In order to further validate our results, intracellularly produced IFN-γ was stained in CD8⁺ T cells upon stimulation with the identified epitopes. The gating strategy is shown in Supplementary Figure 5A. In total, one H2-Db peptide and five H2-Kb epitopes induced significant IFN-γ⁺ CD8⁺ T cells by splenocytes of VSV-GP immunized mice (Figure 5A). Of note, none of the identified epitopes induced IFN-γ⁺ CD4⁺ T cells (Supplementary Figure 5B).
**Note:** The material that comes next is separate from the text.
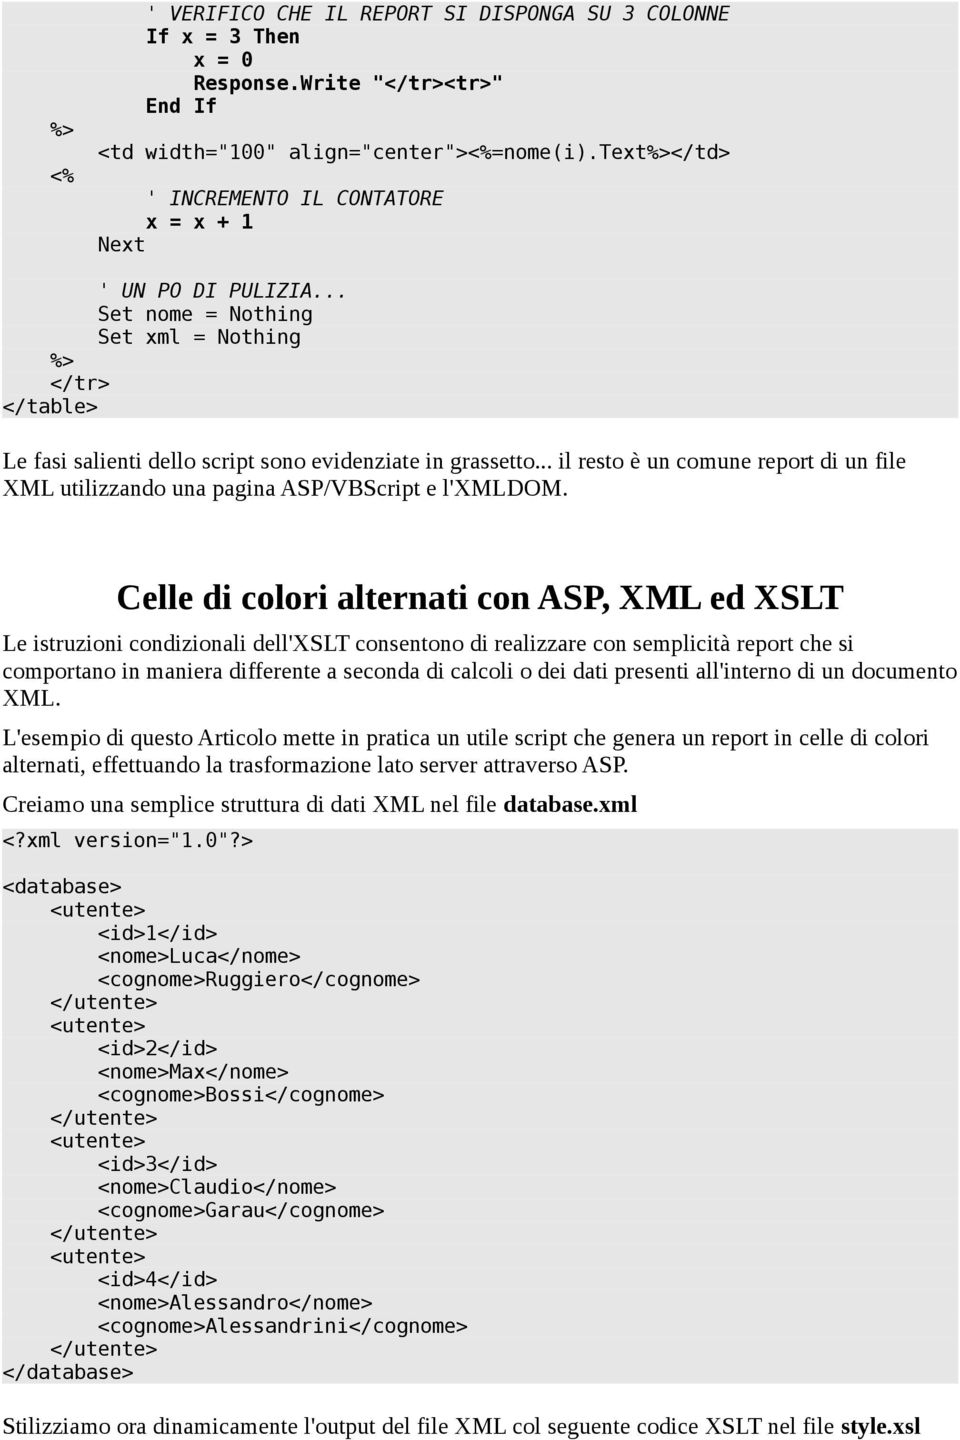 .. il resto è un comune report di un file XML utilizzando una pagina ASP/VBScript e l'xmldom.

The magnitude of the response differed per epitope but correlated significantly with the IFN-γ spot count of the corresponding ELISpot assays (Figure 5B; Supplementary Figure 5C).

FIGURE 5

Figure 5 Intracellular cytokine staining upon stimulation with the identified VSV-GP T cell epitopes. (A) Frequencies of IFN-γ⁺ CD8⁺ T cells of splenocytes from mock or VSV-GP treated mice upon stimulation with individual peptides (10 µg/ml). The negative control (NC) is unstimulated cells (n=6 for mock, n=6 for VSV-GP, from three independently performed experiments). Significant differences between mock and VSV-GP treatment are indicated with asterisks (tested using two-way ANOVA with Sidak’s multiple comparison). *p < 0.05; ****p ≤ 0.0001. (B) Correlation of matching ICS and IFN-γ ELISpots (using Pearson correlation coefficient). Bar color represents from which viral protein the epitope is derived.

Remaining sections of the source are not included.